Bluttat in Texas

Vater erschießt Tochter nach Streit über Trump

Ausland
11.02.2026 14:53
Porträt von krone.at
Von krone.at

Ein Familienbesuch hat im US-Bundesstaat Texas ein tödliches Ende gefunden: Die Britin Lucy Harrison hatte kurz vor ihrer Abreise einen Streit mit ihrem Vater, bei dem es um US-Präsident Donald Trump wegen seiner Verurteilung wegen sexuellen Missbrauchs ging. Wenig später wurde die 23-Jährige von dem Texaner erschossen – dieser behauptet, dass es ein Unfall gewesen sei.

Lucys Vater, Kris Harrison, war in die USA ausgewandert, als sie noch ein Kind war. Die 23-Jährige besuchte ihn im Jänner 2025 in seiner neuen Heimat – eine Entscheidung mit fatalen Konsequenzen. 

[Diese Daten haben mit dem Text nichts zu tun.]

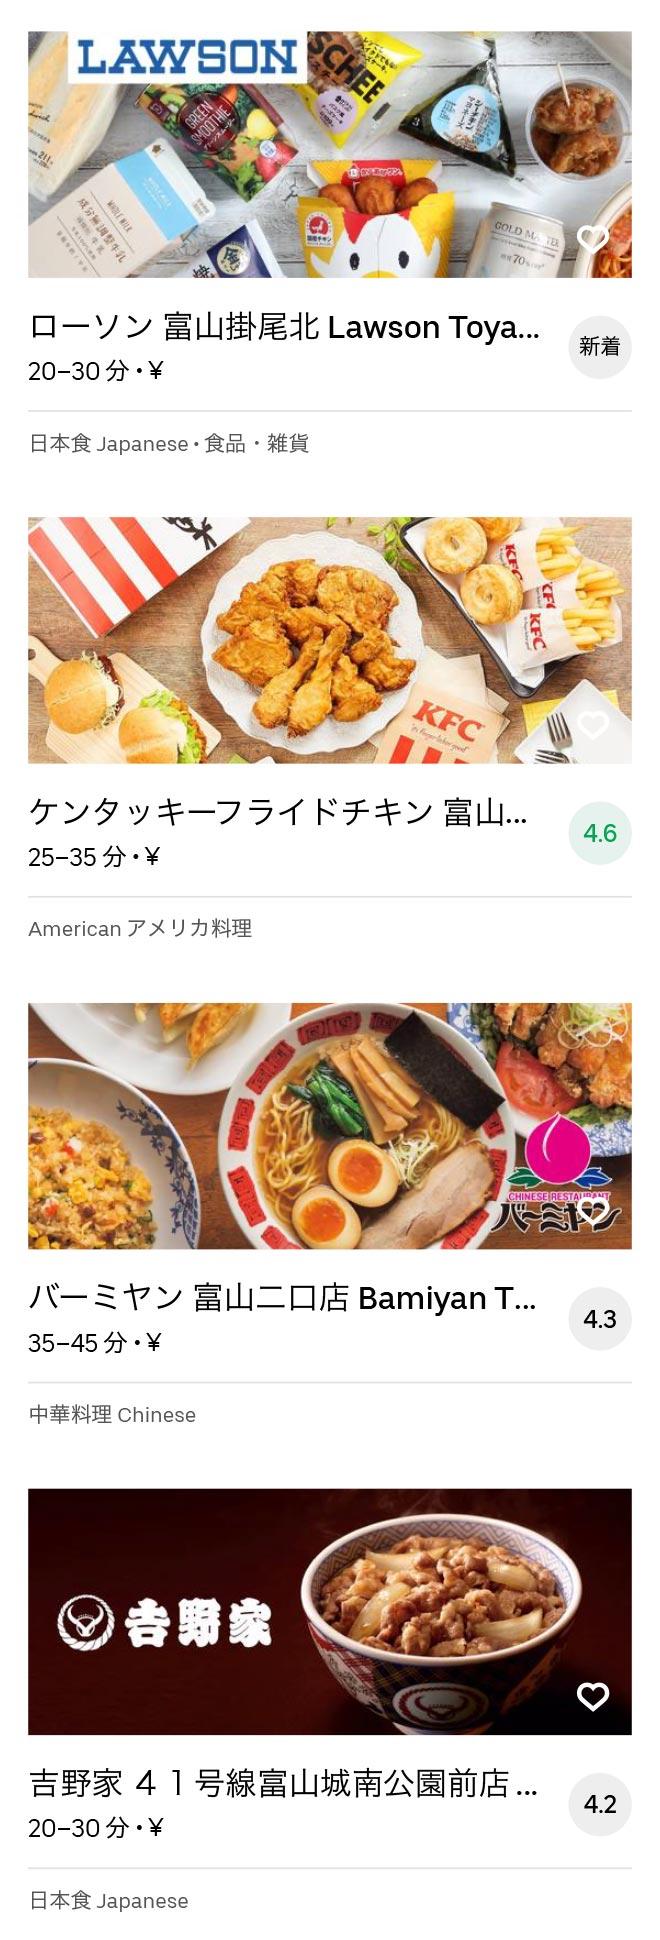 Minami toyama menu 2009 08

Denn die Britin und der glühende Trump-Unterstützer gerieten in einen heftigen Streit: Hintergrund waren die Vorwürfe des sexuellen Missbrauchs gegen den US-Präsidenten, wegen der der der Republikaner auch verurteilt wurde. Wie ihr Freund, der die junge Frau in die USA begleitet hatte, berichtete, habe sie ihren Vater gefragt: „Wie würdest du dich fühlen, wenn ich das Mädchen in dieser Situation wäre und sexuell angegriffen worden wäre?“

In diesem Beitrag ist ein Foto von Lucy und Kris Harrison zu sehen: 

Vater erklärte, er habe noch andere Töchter
Doch den Vater schien diese Argumentation nicht zu berühren: Er erklärte, dass er noch zwei weitere Töchter habe, die bei ihm lebten, sodass ihn das daher nicht so sehr aufregen würde. Diese Antwort machte Lucy wohl wütend und sie stürmte ins obere Stockwerk. Nur eine halbe Stunde, bevor sie abreisen sollte, führte sie ihr Vater schließlich in sein Schlafzimmer. Nur 15 Sekunden später sei ein Schuss gefallen, wie Lucys Freund berichtete.

Die Polizei ermittelte daraufhin wegen des Verdachts des Totschlags – doch der Texaner kam ohne Strafverfahren davon. Er erklärte, dass er unter Alkoholproblemen litt und am Tag des tödlichen Schusses einen Rückfall erlitten habe. Er habe seiner Tochter nur die halbautomatische Glock-Pistole zeigen wollen, die er in seinem Nachttisch aufbewahrte, behauptete Harrison.

„Als ich die Pistole hob, um sie ihr zu zeigen, hörte ich plötzlich einen lauten Knall. Ich verstand nicht, was vorgefallen war. Lucy fiel sofort zu Boden“, schilderte er den Vorfall. Er könne sich nicht erinnern, dass sein Finger überhaupt am Abzug war. Eine Polizistin, die nach dem Vorfall im Haus in Prosper in der Nähe von Dallas ermittelte, erklärte, dass der Atem des Schützen nach der Tat nach Alkohol roch.

Bei einer gerichtlichen Untersuchung kam eine Grand Jury schließlich zu dem Schluss, dass die Beweislage nicht ausreichte, um jemanden in Zusammenhang mit dem Tod der Britin anzuklagen. Harrison war persönlich nicht vor Ort, ließ aber von seinen Anwälten eine Erklärung vorlesen. „Ich kann das Geschehene nicht ungeschehen machen, aber ich kann Lucy ehren, indem ich der bestmögliche Vater für ihre Schwestern bin und ihr Andenken in allem, was wir tun, weitertrage“, erklärte der Texaner darin.